┏━━

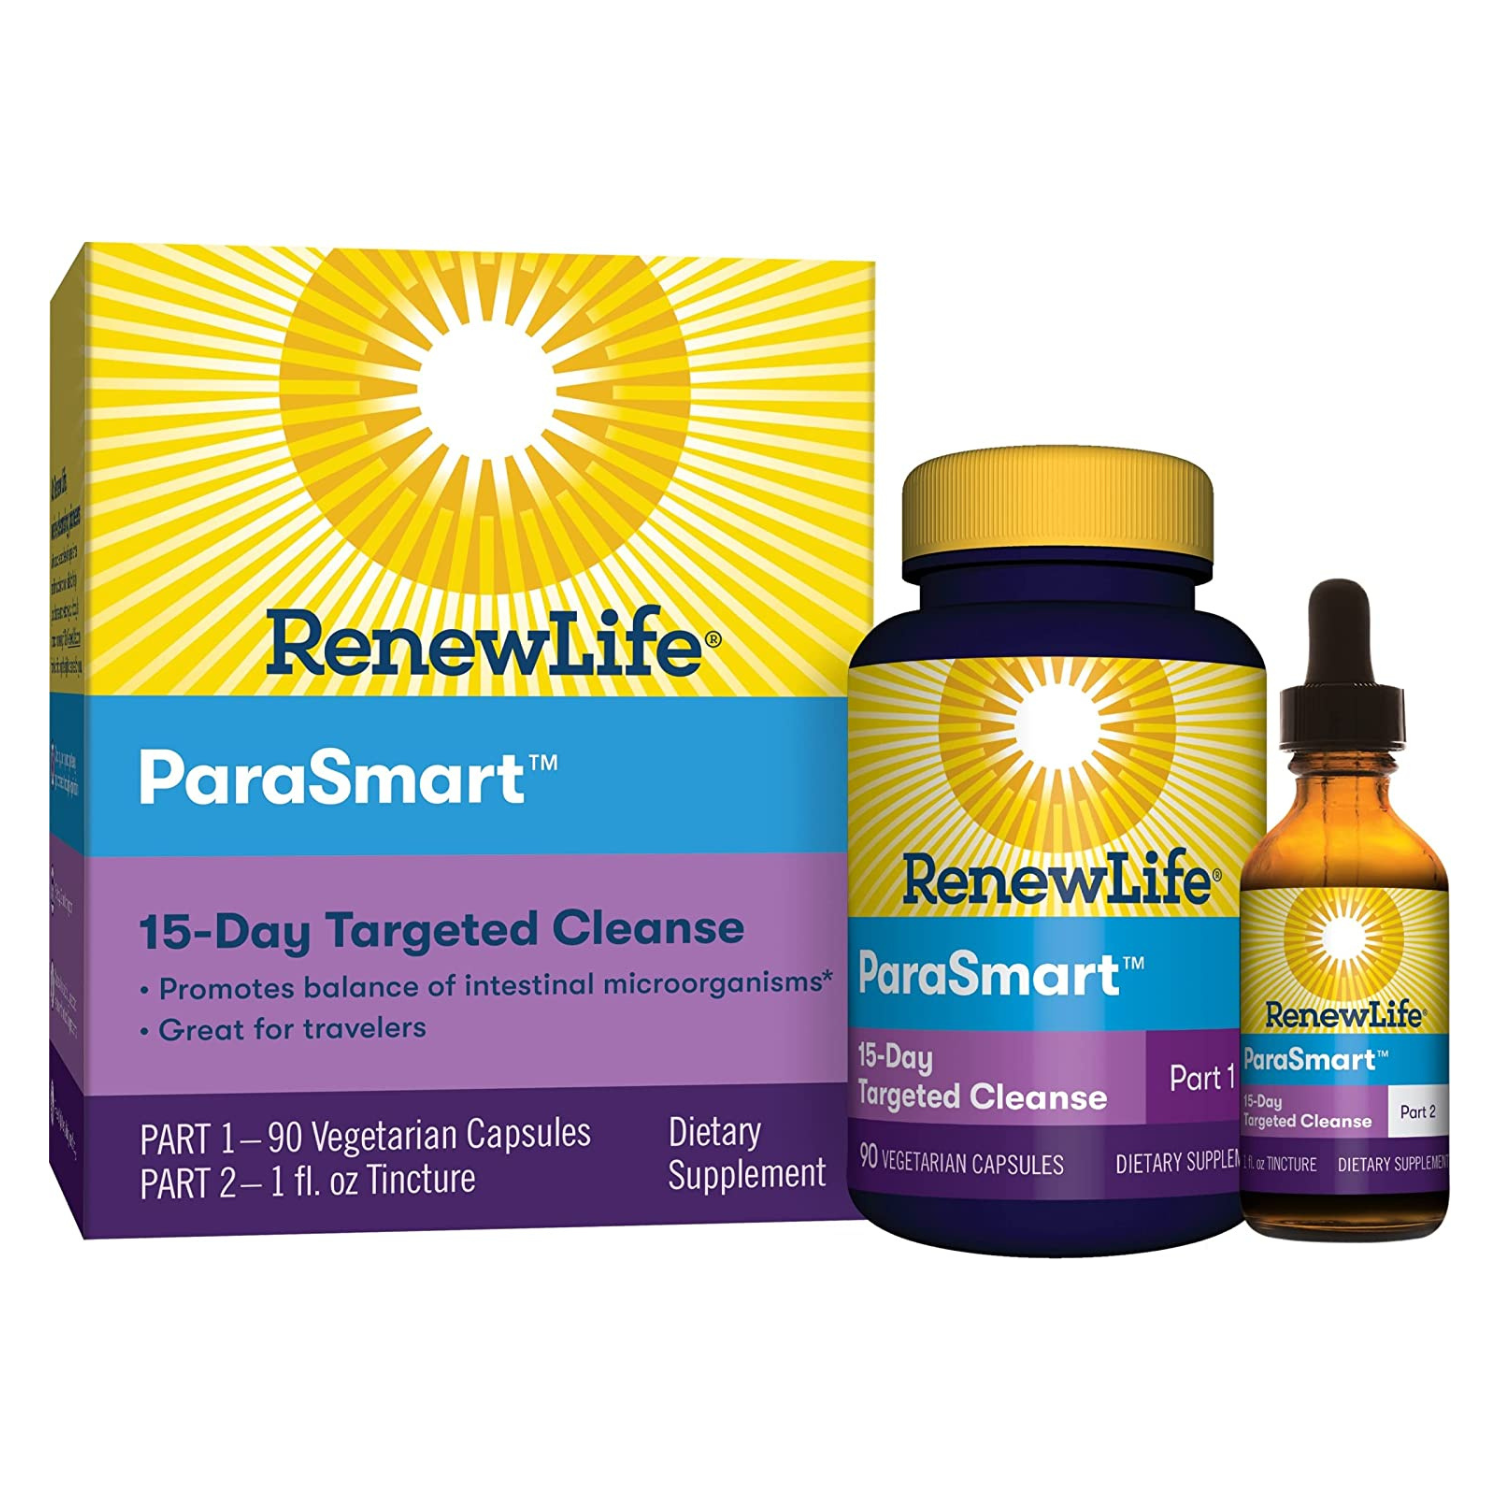 Renew Life - PARASmart, Microbial Targeted Cleanse, 15-Day Program - 90 Veg Capsules + 1 Fl. Oz. Tincture
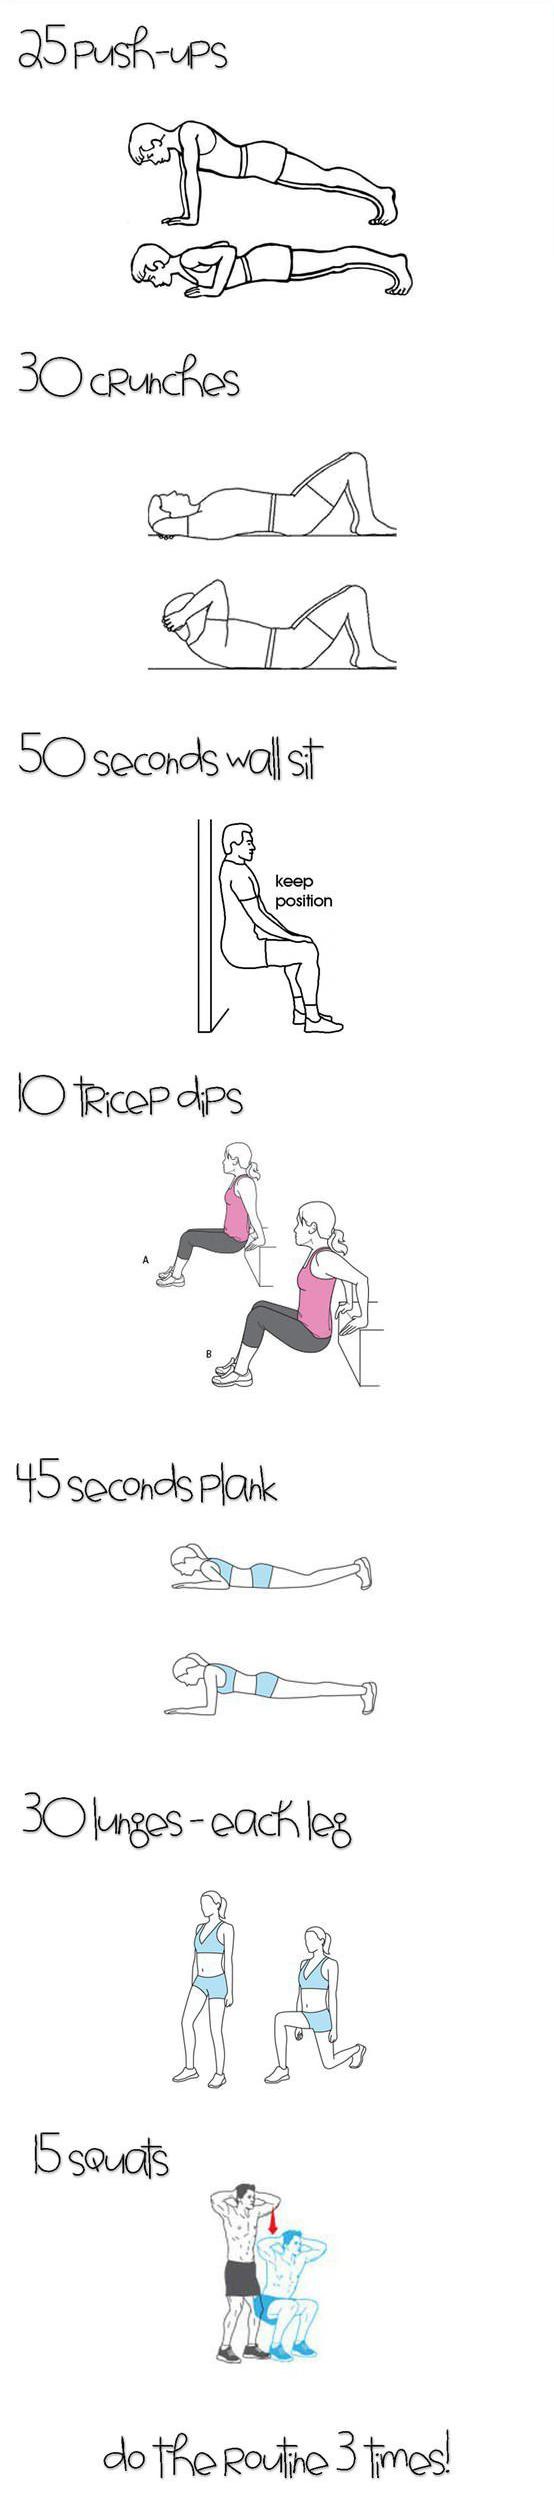 Lose Weight With This Morning Workouts
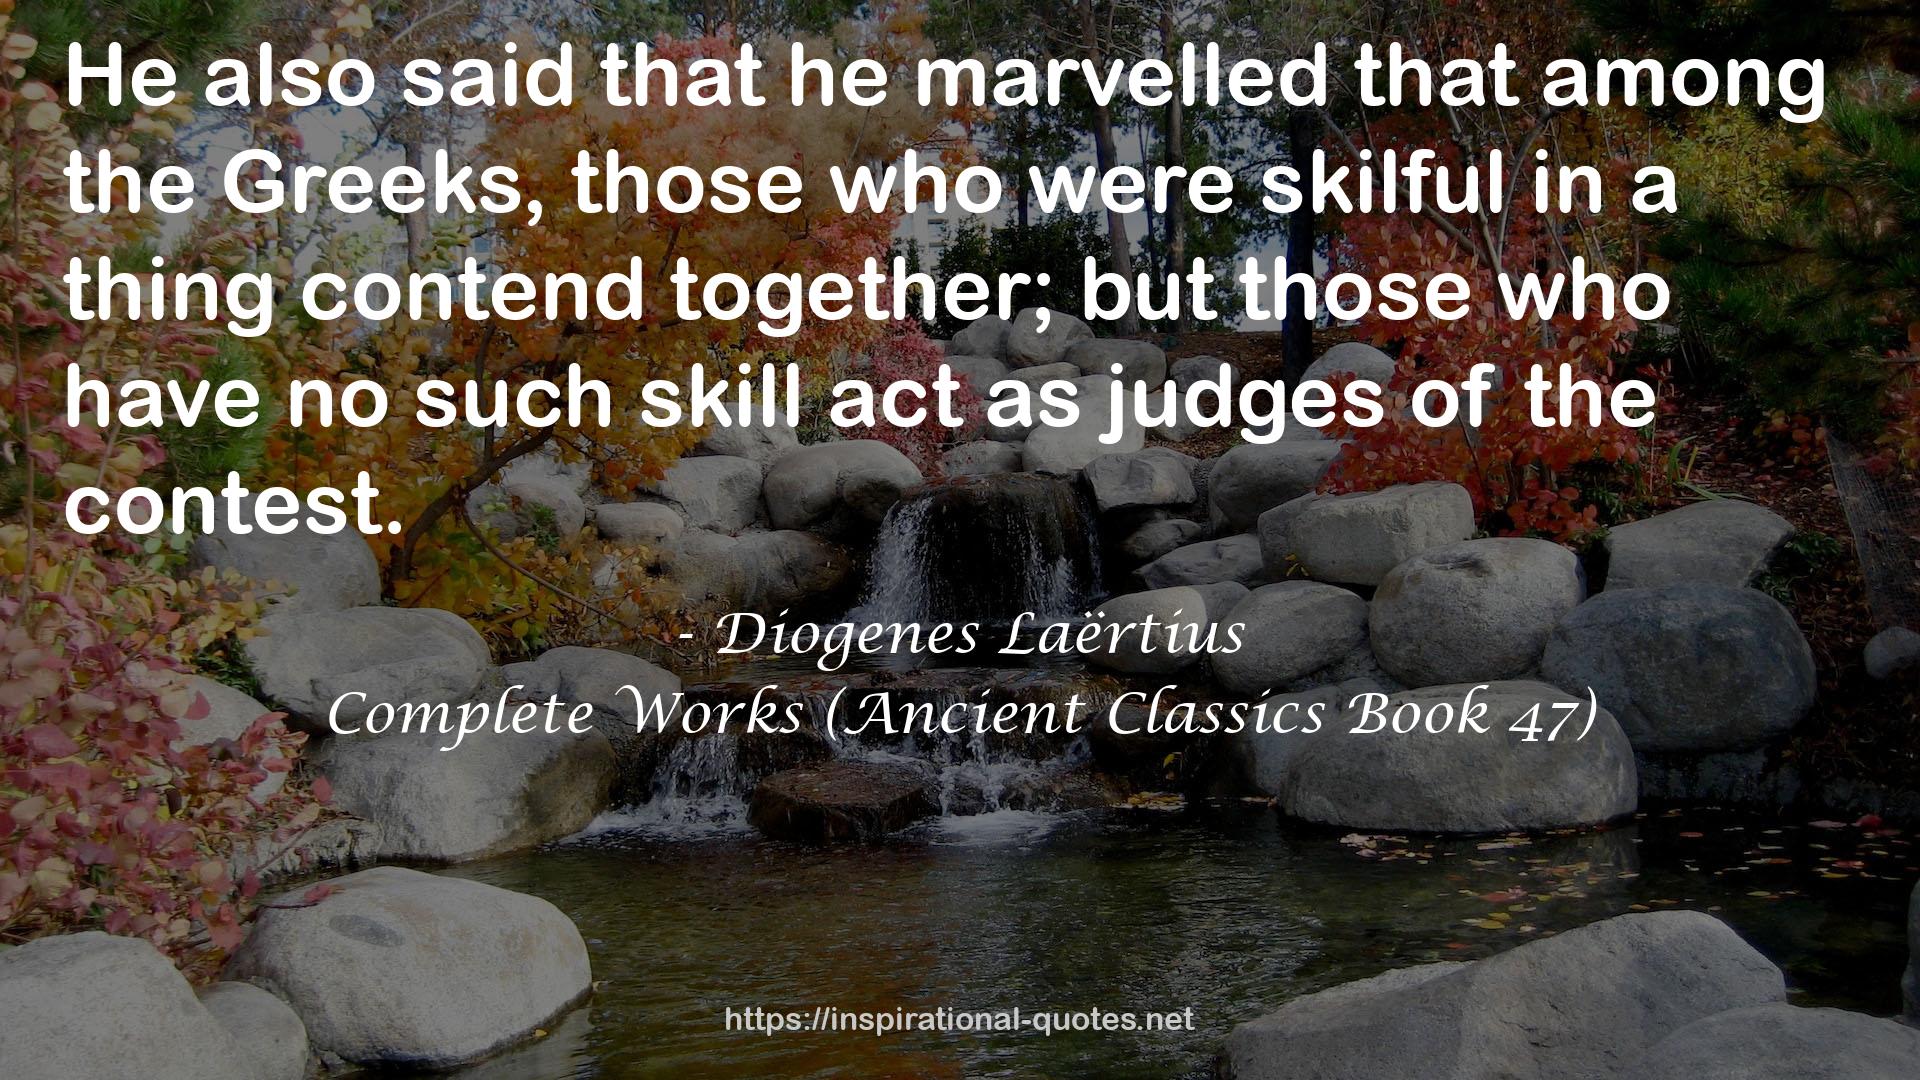 Complete Works (Ancient Classics Book 47) QUOTES
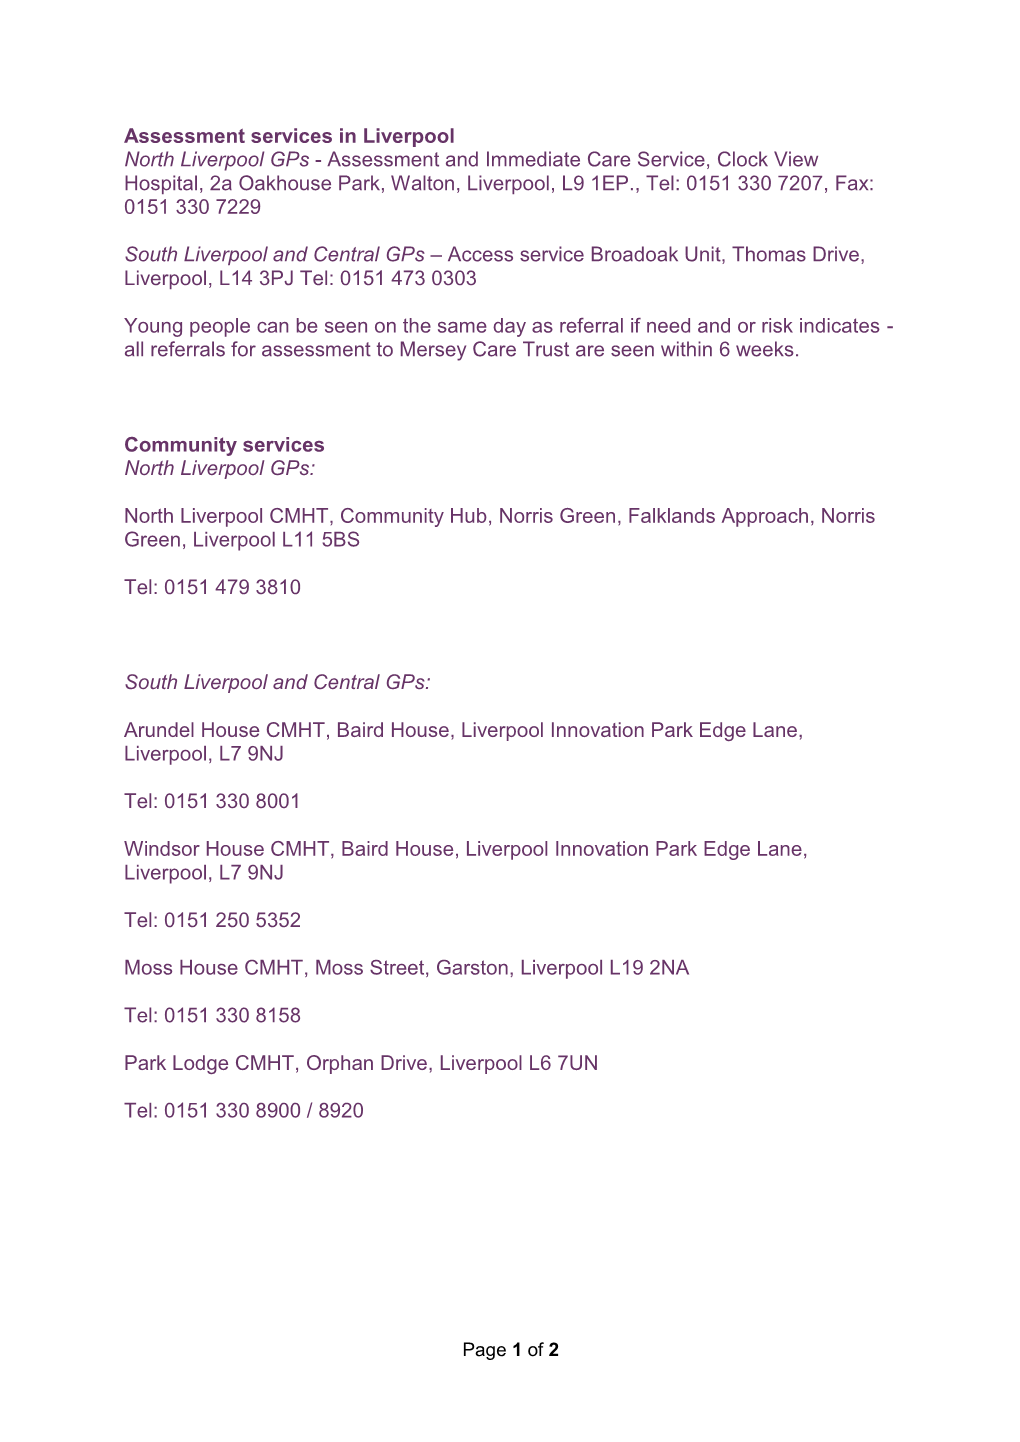 Mersey-Care-Contact-Information.Pdf
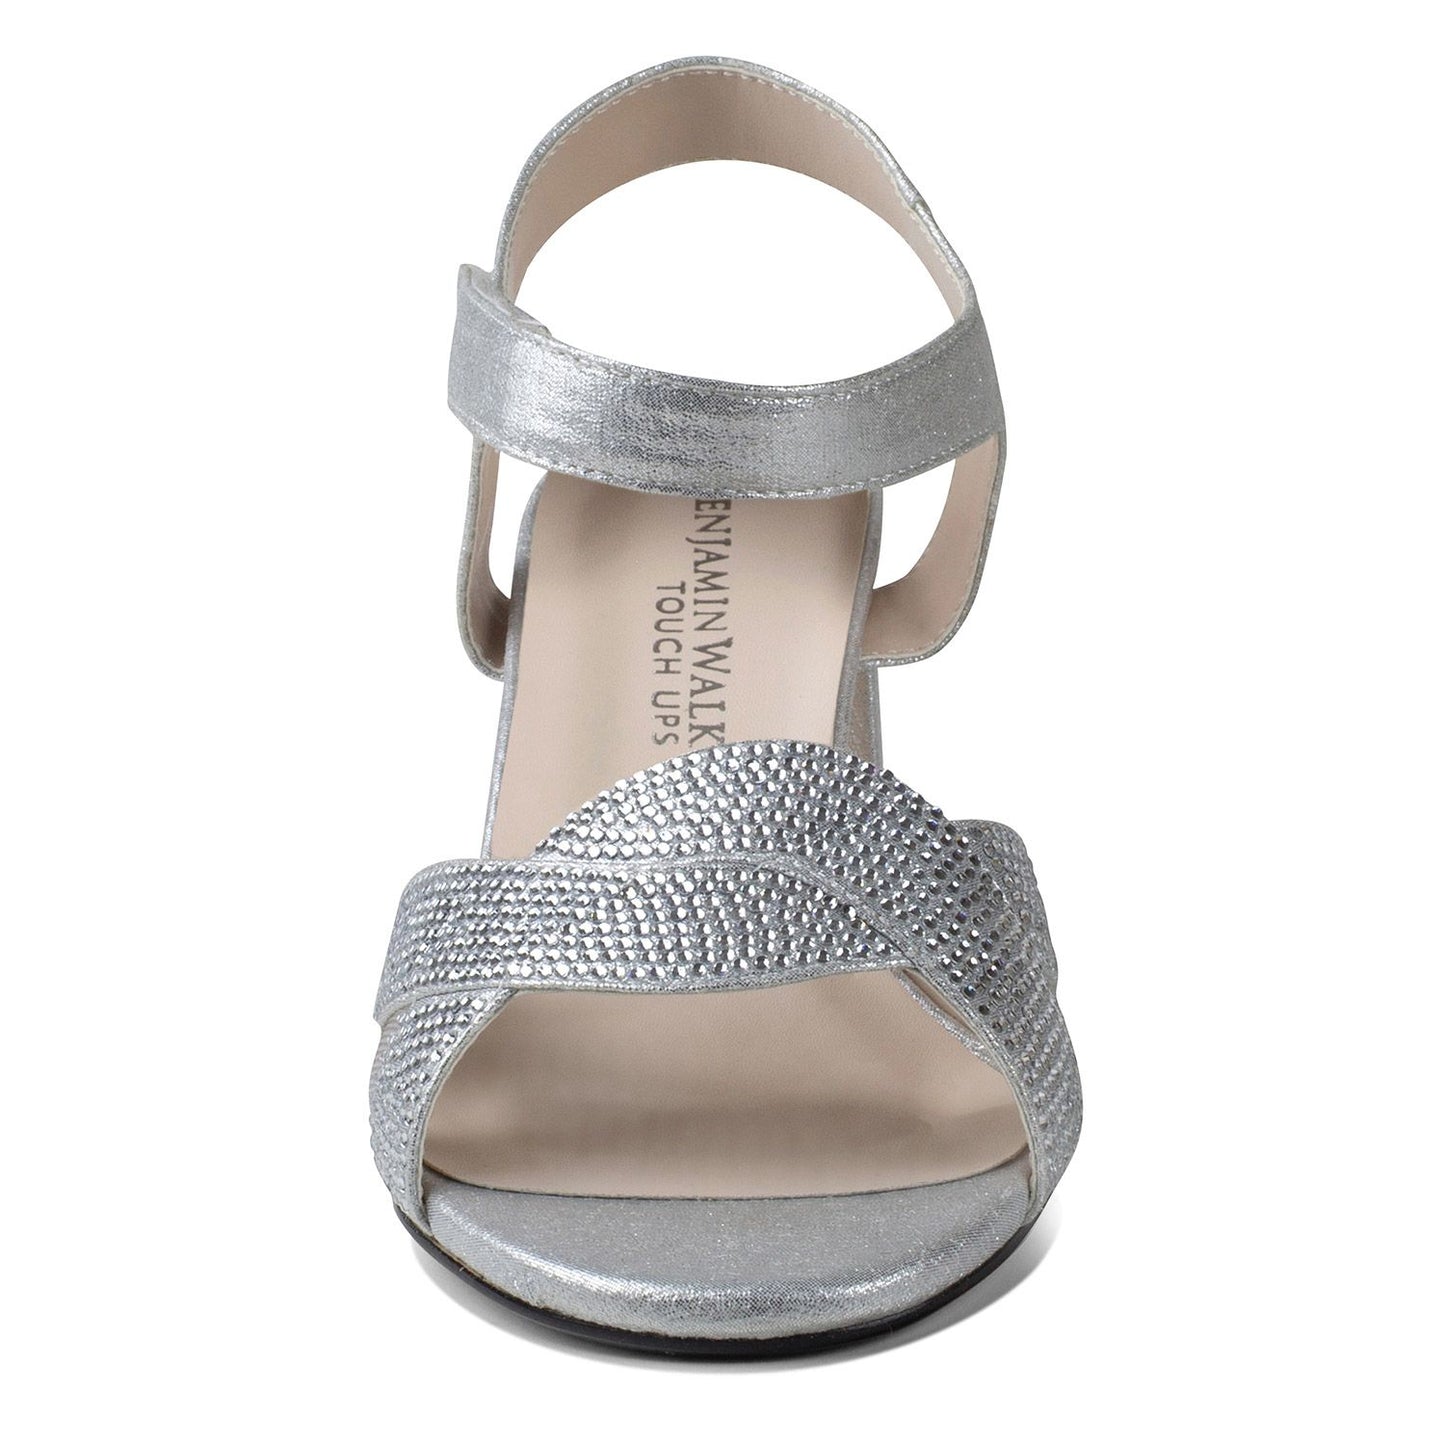 Front view of 2.25 inch silver shimmer shoe with block heel

┗━━

Try it:
What you return must match, line for line, the span from the line containing "Complete Works (Ancient" through the last line of the listing above, with every picture omitted.

Answer for the task:
 Complete Works (Ancient Classics Book 47) QUOTES
 Mersey-Care-Contact-Information.Pdf
 Front view of 2.25 inch silver shimmer shoe with block heel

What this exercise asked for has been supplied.